Besides hardware implementation, software analysis and computational approaches for enhancing imaging capabilities have also made great strides in microscopy. These computational advancements complement the optical setups and even correct some of their flaws and shortcomings in imaging. Notably, fast image processing has been made possible in recent years thanks to improvements in graphical processing units and field-programmable gate arrays that can process large amounts of raw data at high speed. In addition, machine learning is currently revolutionizing many fields including image processing and has naturally made its way into SHG microscopy. For example, a few groups recently ventured to develop deep learning algorithm based on neuronal networks to classify and diagnose cancer using SHG footprints (Huttunen et al. 2018; Kistenev et al. 2019; Mirsanaye et al. 2021; Preston et al. 2022).
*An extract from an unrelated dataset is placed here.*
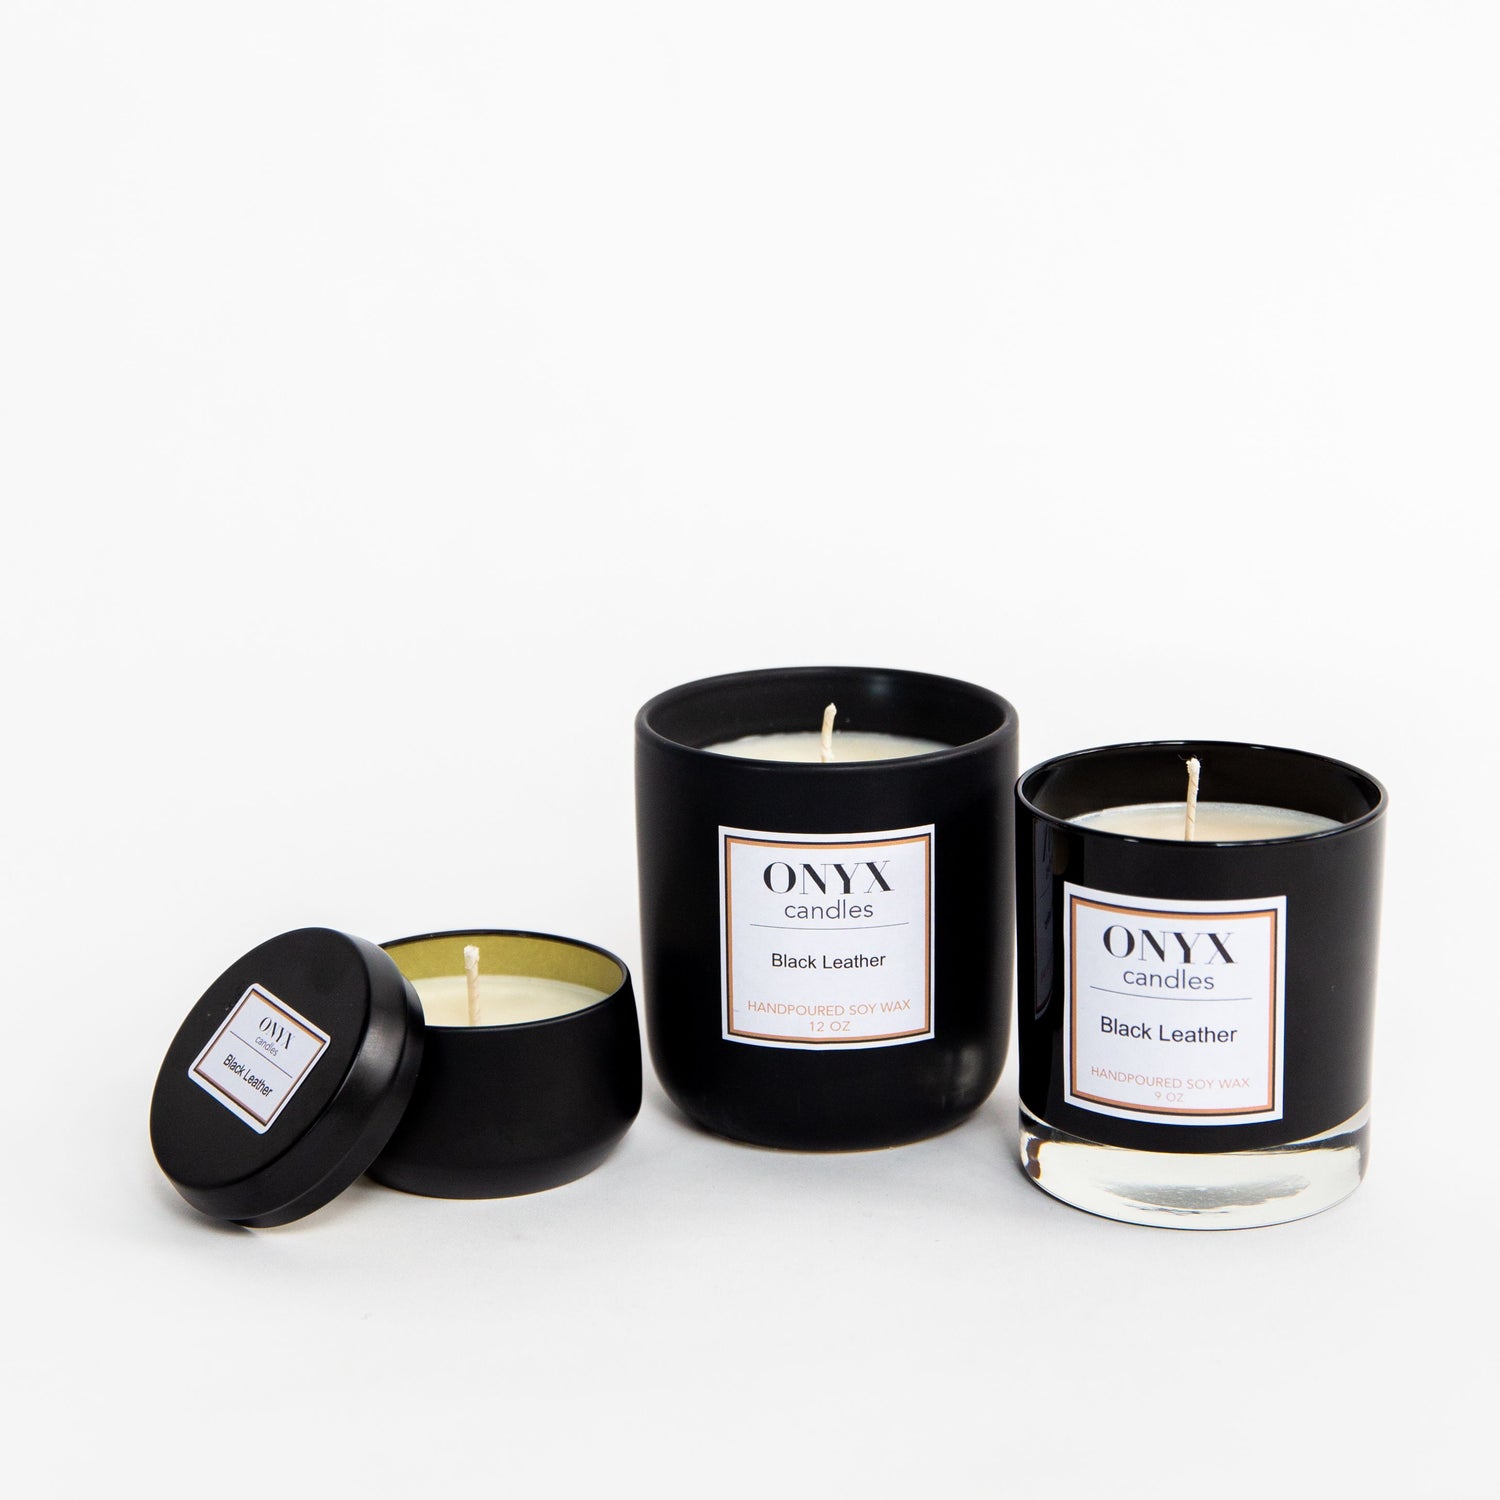 Pictured here are three size varieties of Onyx candles, in the scent Black Leather

Lastly, many current imaging systems are unique setups, customized differently in each lab (Wu et al. 2021). A unification and standardization of the imaging process appears highly desirable for reproducibility and portability.
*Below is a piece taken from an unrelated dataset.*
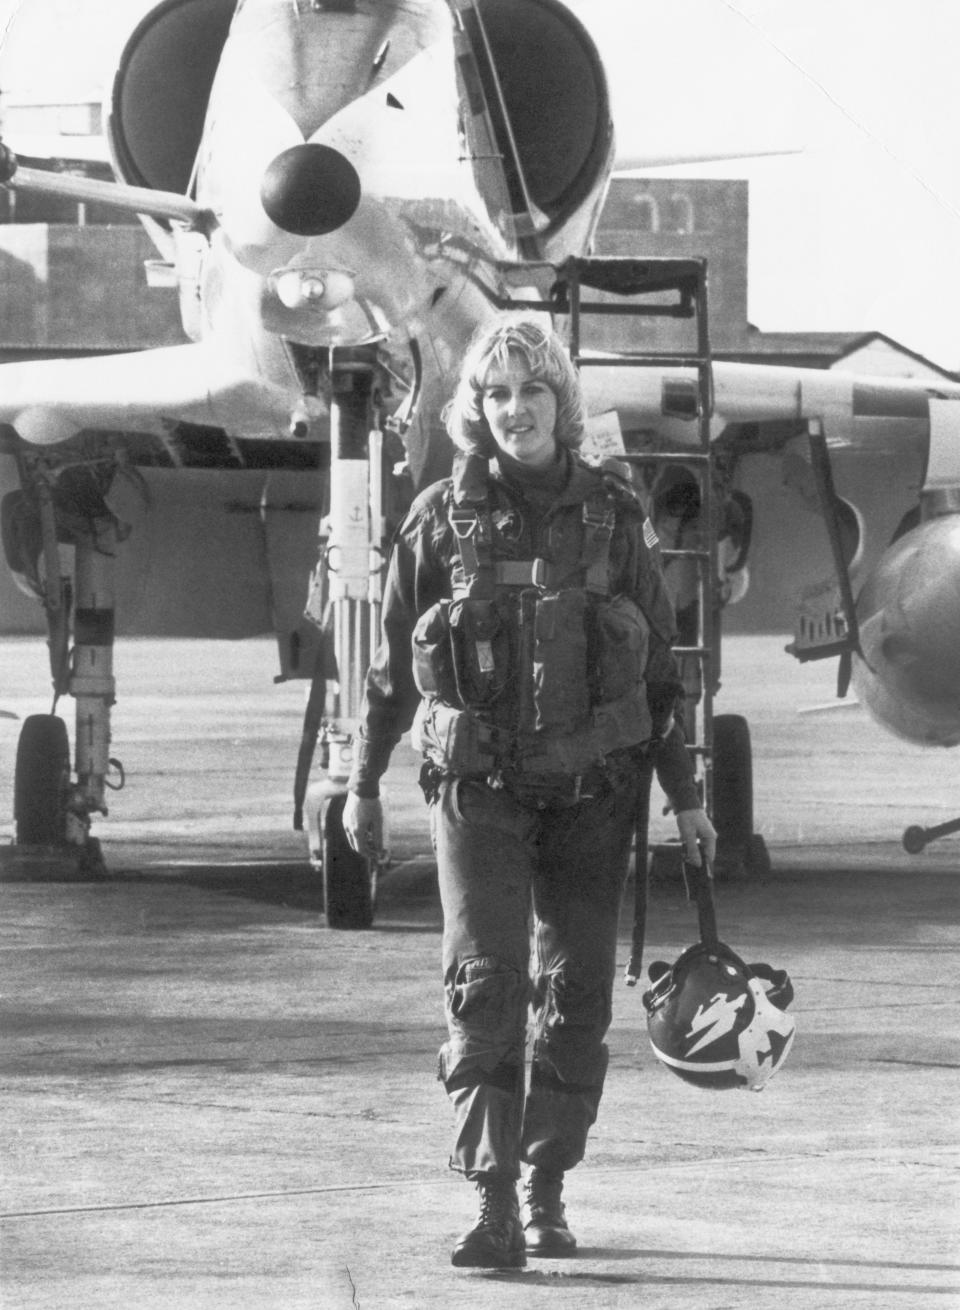 Lt. (J.G.) Mary Louise Jorgensen was the first woman tactical jet pilot to be assigned to Miramar Naval Air Station at San Diego.

Regardless of the challenges and limitations we mentioned, SHG and non-linear optical microscopy imaging modalities provide a plethora of information that is not readily available with traditional linear or incoherent optical imaging techniques. With all the technological advancements in optics, machine learning, and laser technology, non-linear imaging modalities are only going to get better and much simpler over time, opening new horizon for widespread applications in both fundamental science and medical applications (James and Campagnola 2021).